**WORK REQUIRED:**
With the pictures omitted, transcribe each line below exactly as it is.

**INFORMATION SHOWN:**
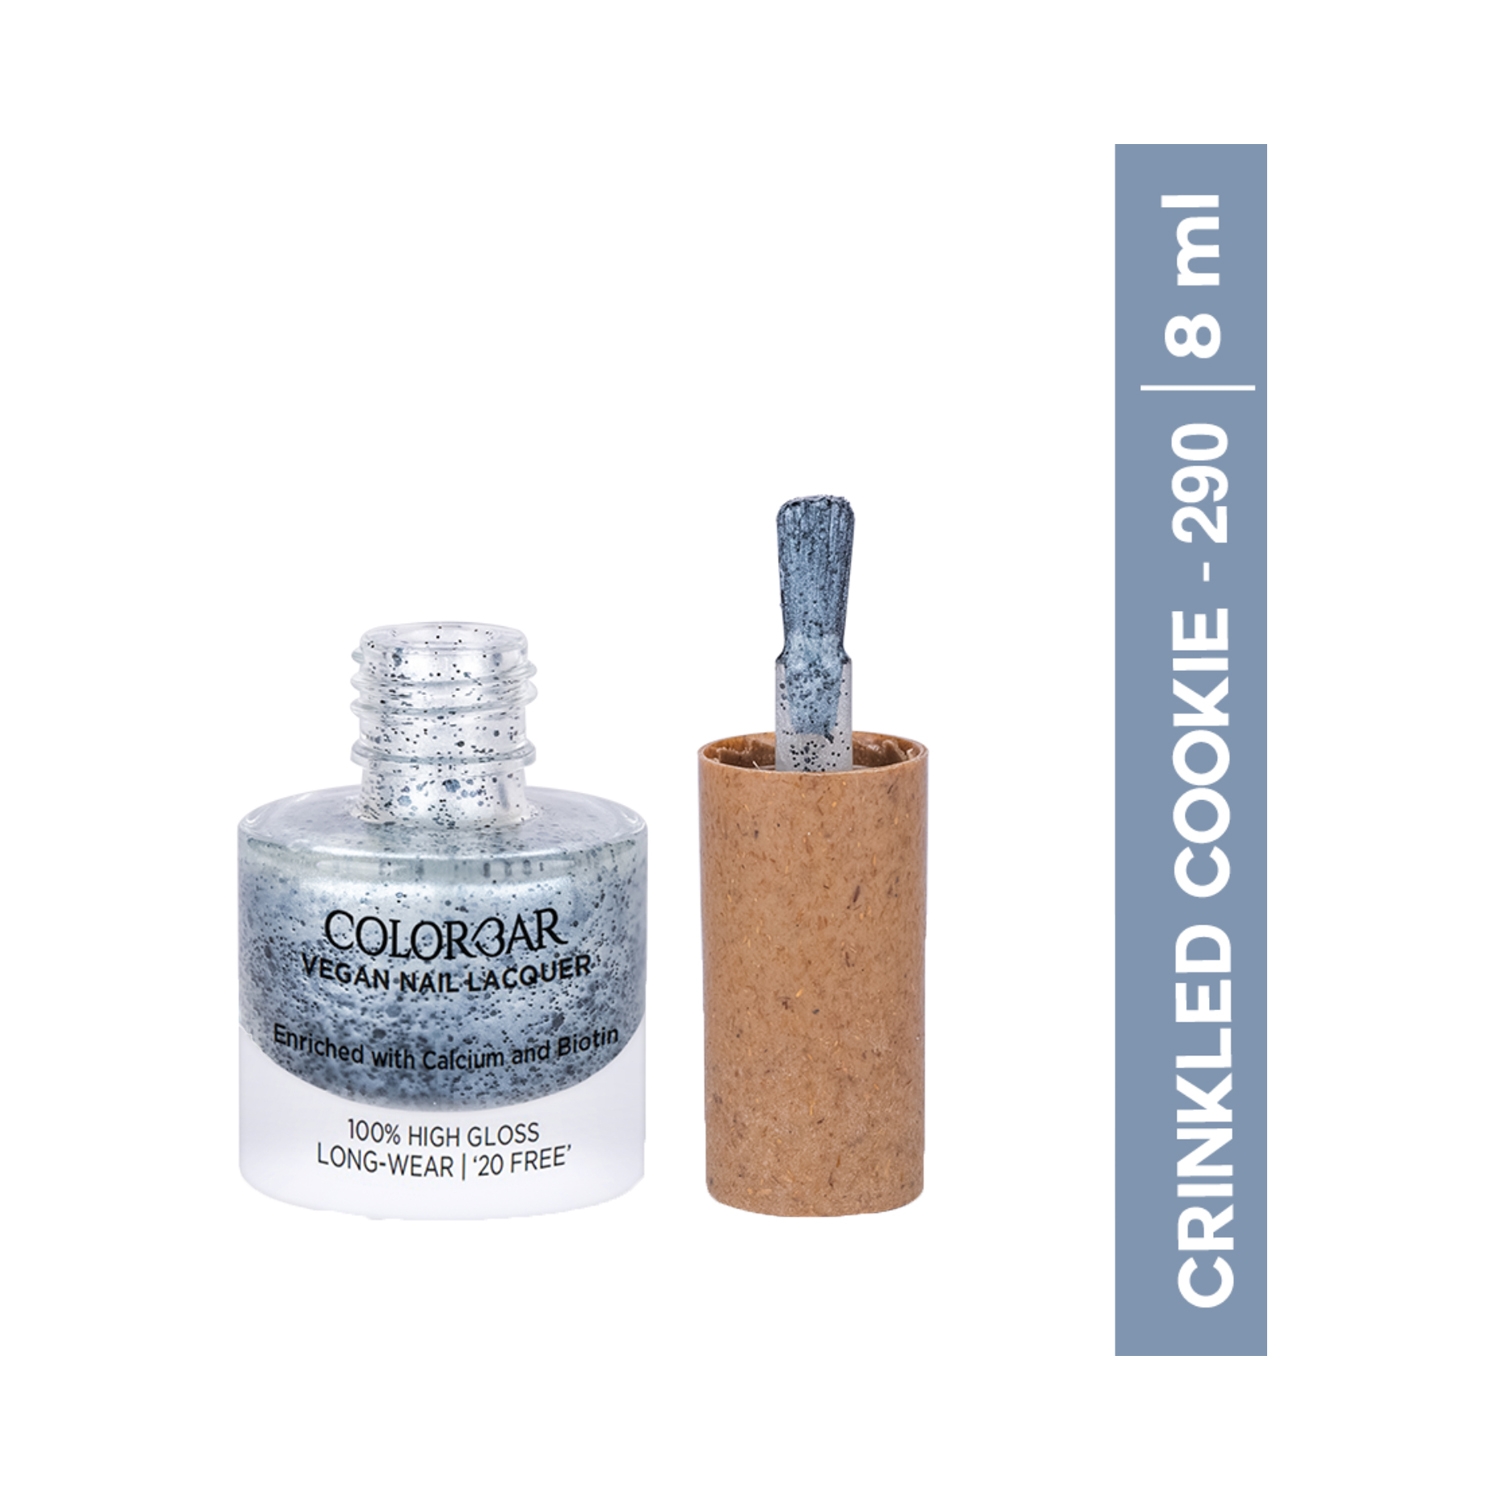 Colorbar | Colorbar Vegan Nail Lacquer - 290 Crinkled Cookie (8 ml)
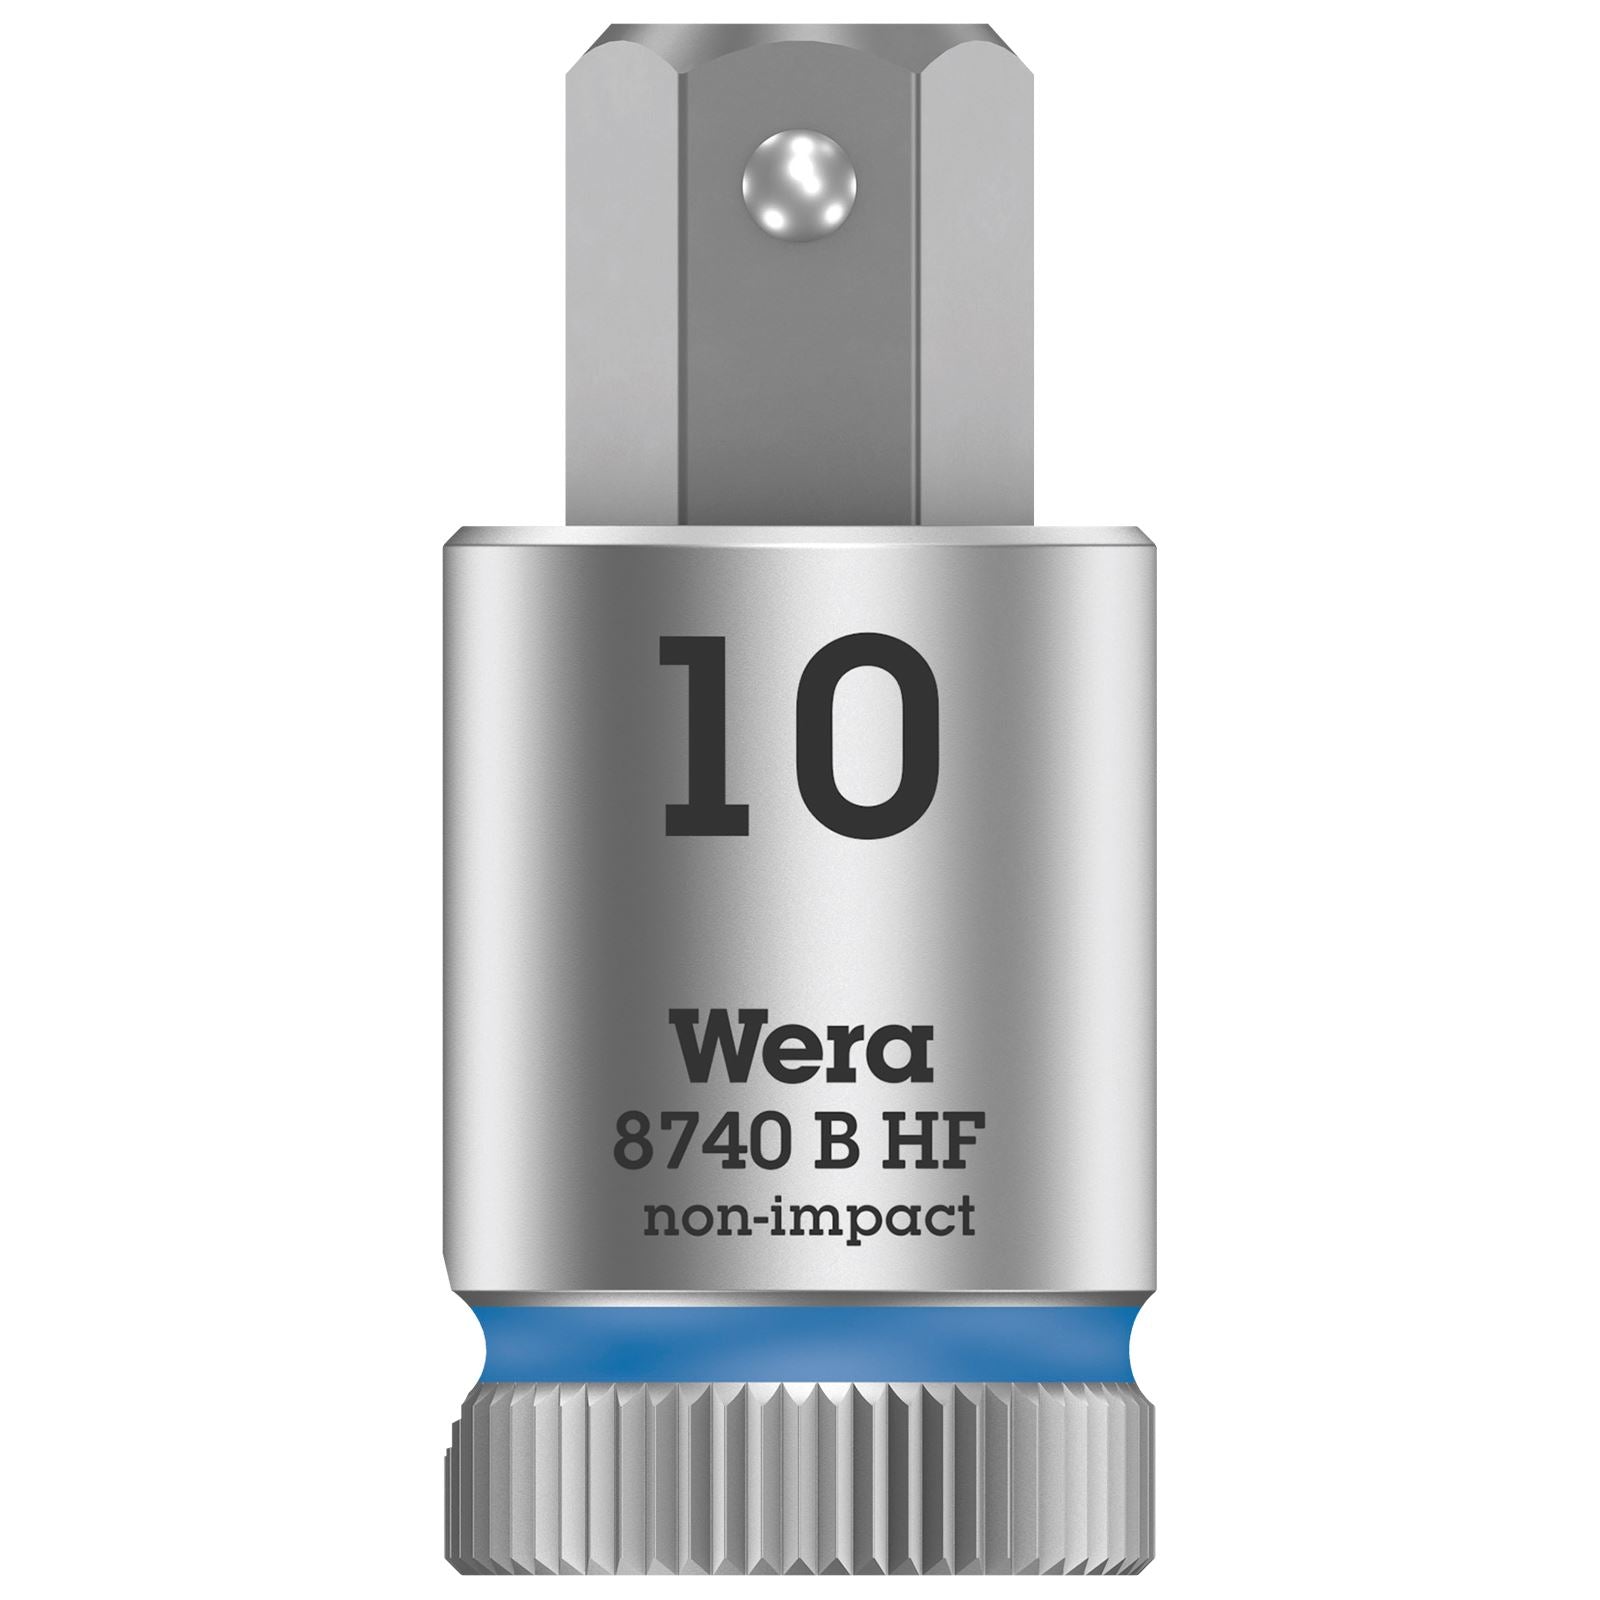 Wera Socket Bit Hex HF 3/8" Drive Zyklop Socket Bits with Holding Function 8740 B 3-10 mm
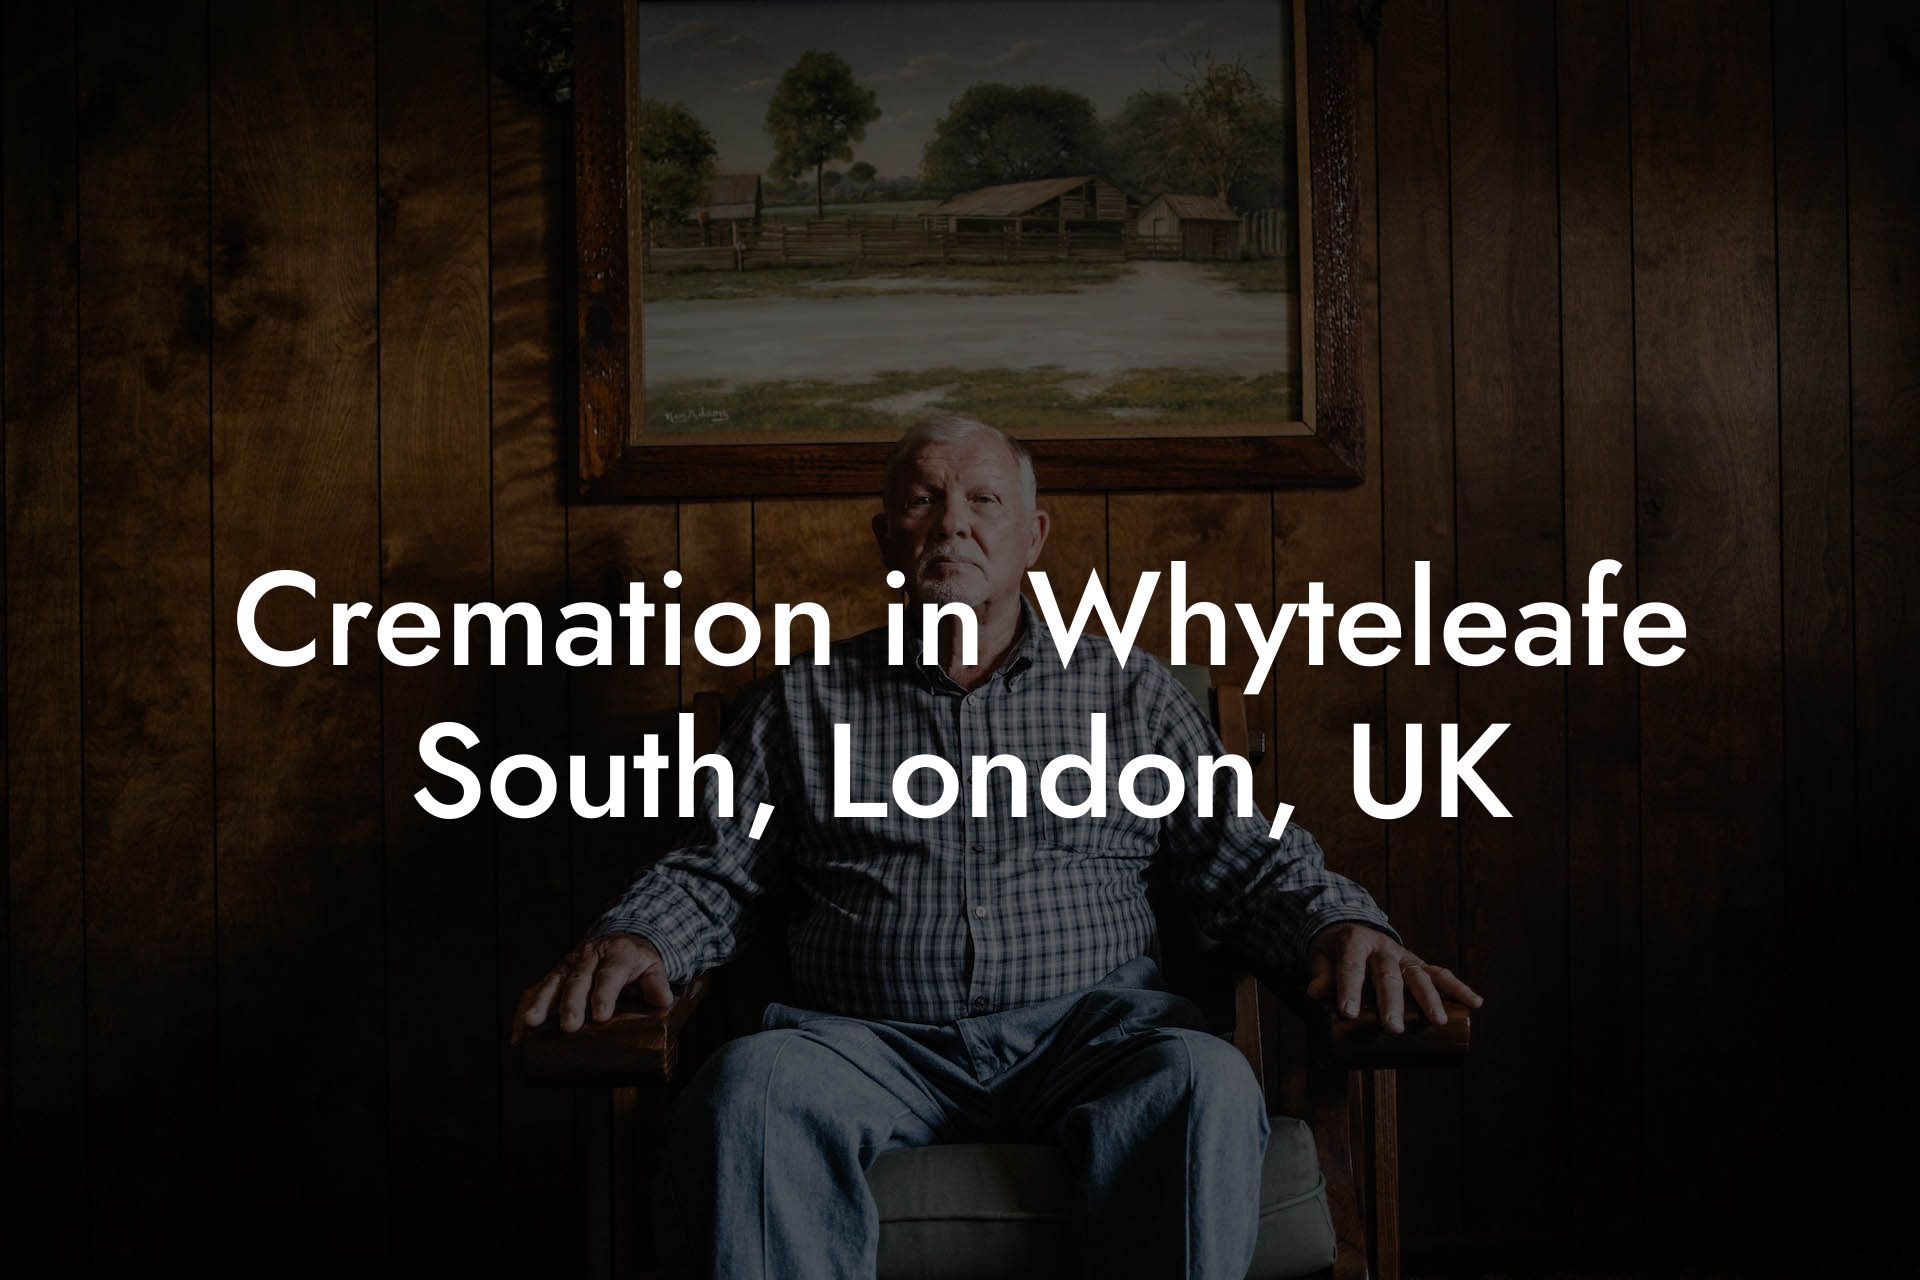 Cremation in Whyteleafe South, London, UK

**ANSWER SECTION:**
 Colorbar | Colorbar Vegan Nail Lacquer - 290 Crinkled Cookie (8 ml)
 Wera Socket Bit Hex HF 3/8" Drive Zyklop Socket Bits with Holding Function 8740 B 3-10 mm
 Cremation in Whyteleafe South, London, UK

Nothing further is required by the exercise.